During this approach, the posterior interosseous nerve (PIN) shifts during pronation and supination. Therefore, to turn the PIN anteriorly, this approach is performed with the forearm in pronation.

Third, the Boyd approach uses the ulnar insertion of the anconeus and supinator muscles as an en bloc flap, which protects the PIN.However, the dorsal recurrent artery is at risk to be damaged during reflection of the muscles.

Short- and Long-Term Complications

The most serious short-term complications are neurovascular injury, wound healing problems, infection, and dislocation.Good wound hygiene lowers the superficial infection rate, and sterile surgery, combined with antibiotic-loaded cement, decreases the rate of deep periprosthetic infections.

In the long term, loosening of the implant on either an septic or aseptic basis is the main cause of device failure.[11] In radial head replacement and hemiarthroplasty, the opposing articular bone quality must be evaluated to monitor erosion.

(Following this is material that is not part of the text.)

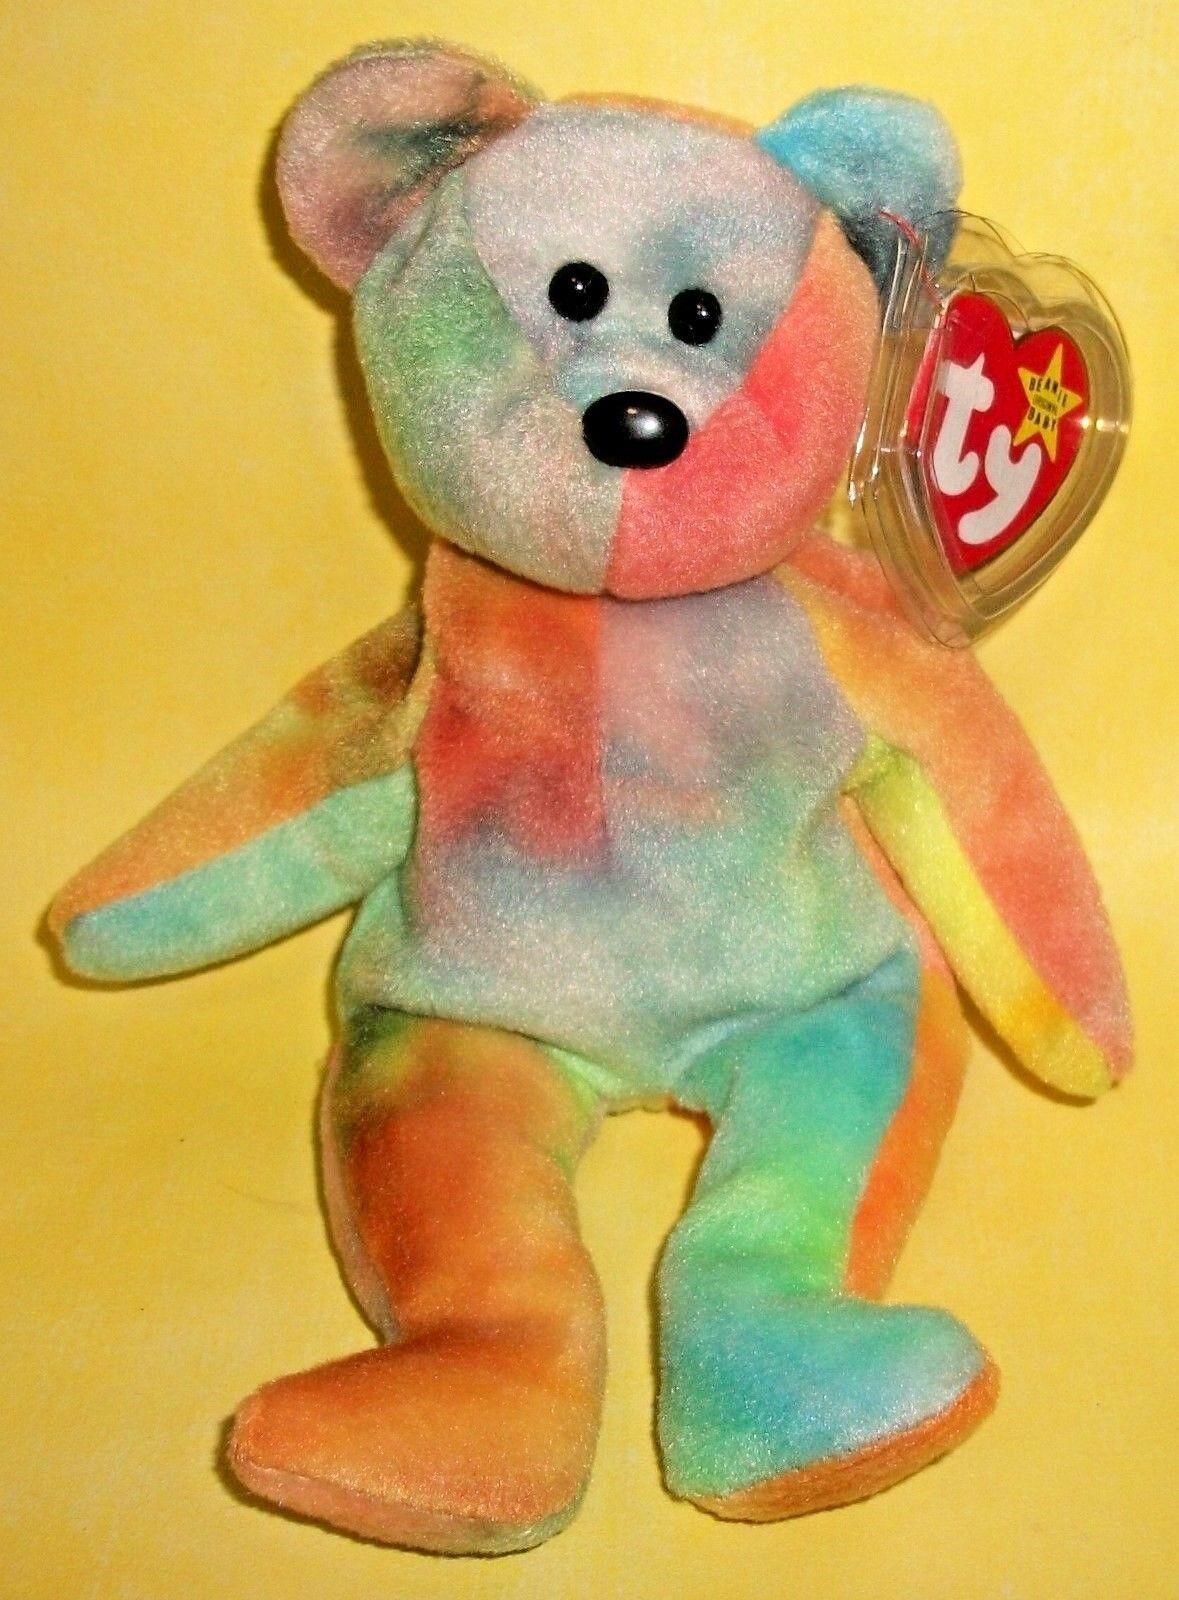 TY Beanie Baby GARCIA The Bear PERFECT CHRISTMAS GIFT, MINT  A+  RARE ERRORS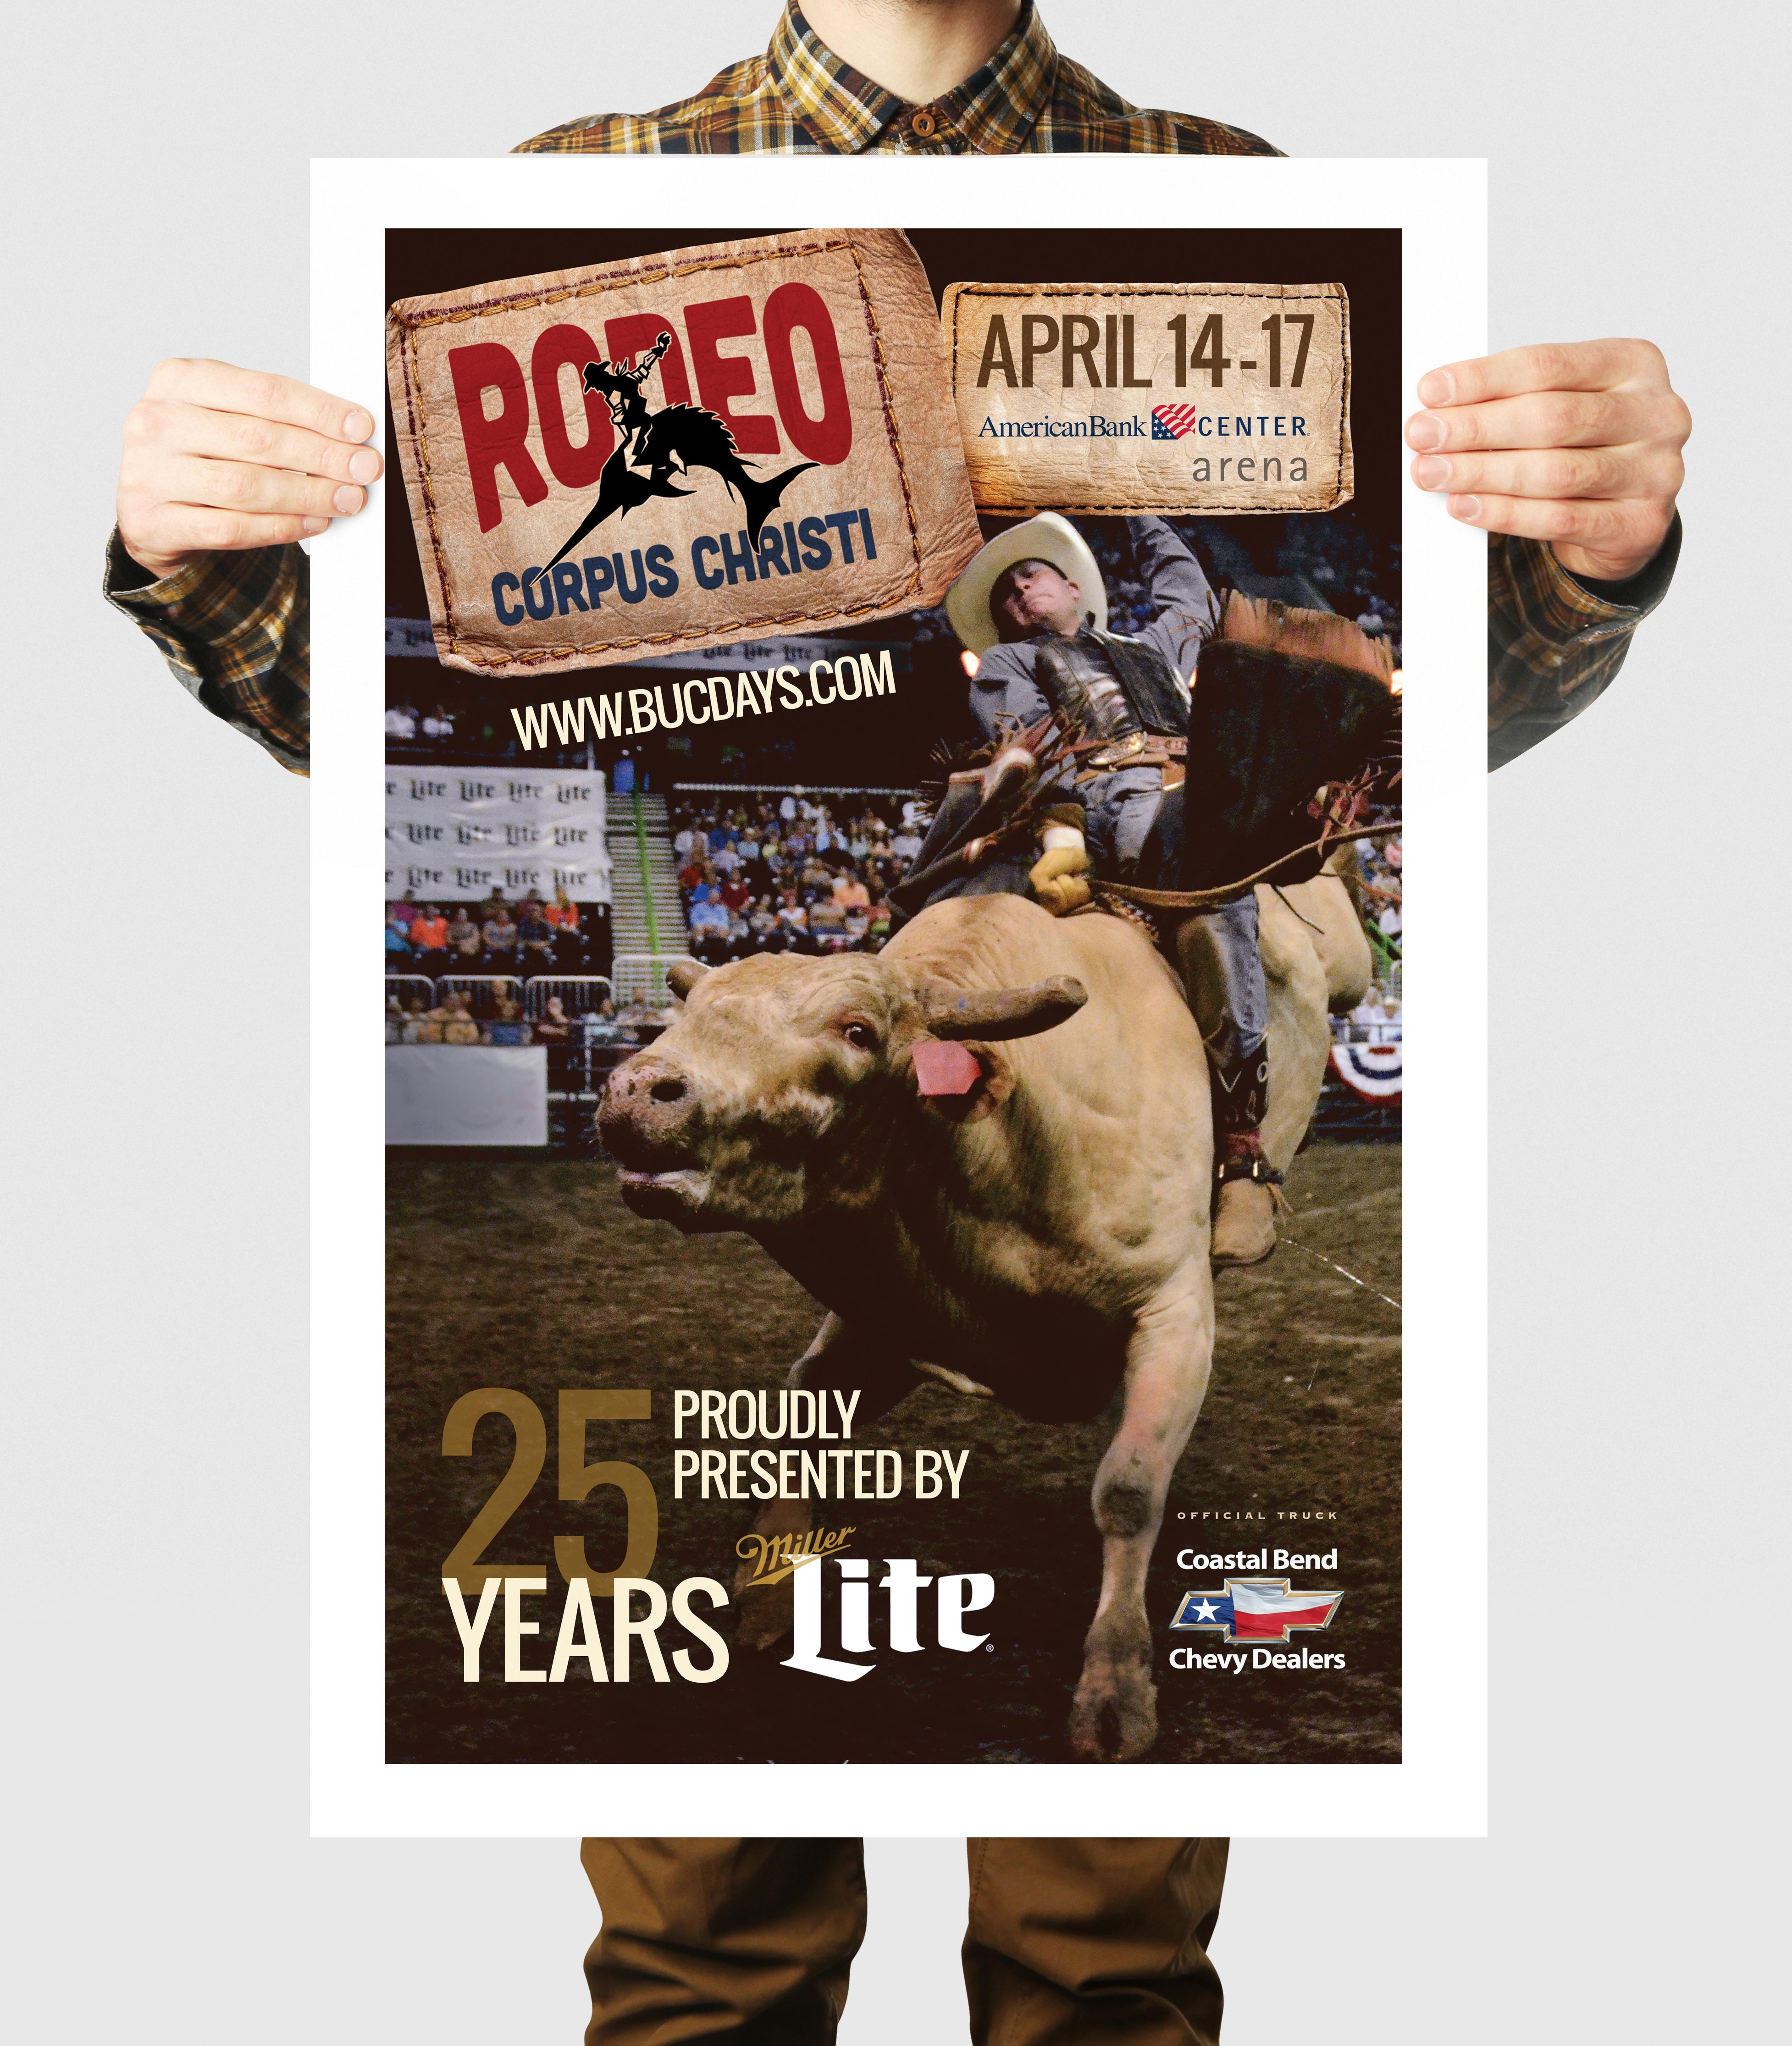 Rodeo Corpus Christi Poster Design

Implant survival rates are implant-specific, yet several trends are distinguishable. Total elbow arthroplasties currently have a mean 10-year survival rate of approximately 90%, which is an increase over previous decades. Radial head prostheses have good long-term results, but large implant registry data are lacking.

 Radiohumeral arthroplasties have no long-term follow-up results but seem to show good 5-year results in selected patients.
 

Conclusion

Especially in the past four decades, significant advances have been made in elbow arthroplasty. However, owing to the relatively small numbers of patients requiring elbow arthroplasty, regardless of type, effective treatment modalities require ongoing research. To ensure optimal patient care, elbow problems are best treated in orthopedic clinics where the surgeons are expert in performing arthroplasties.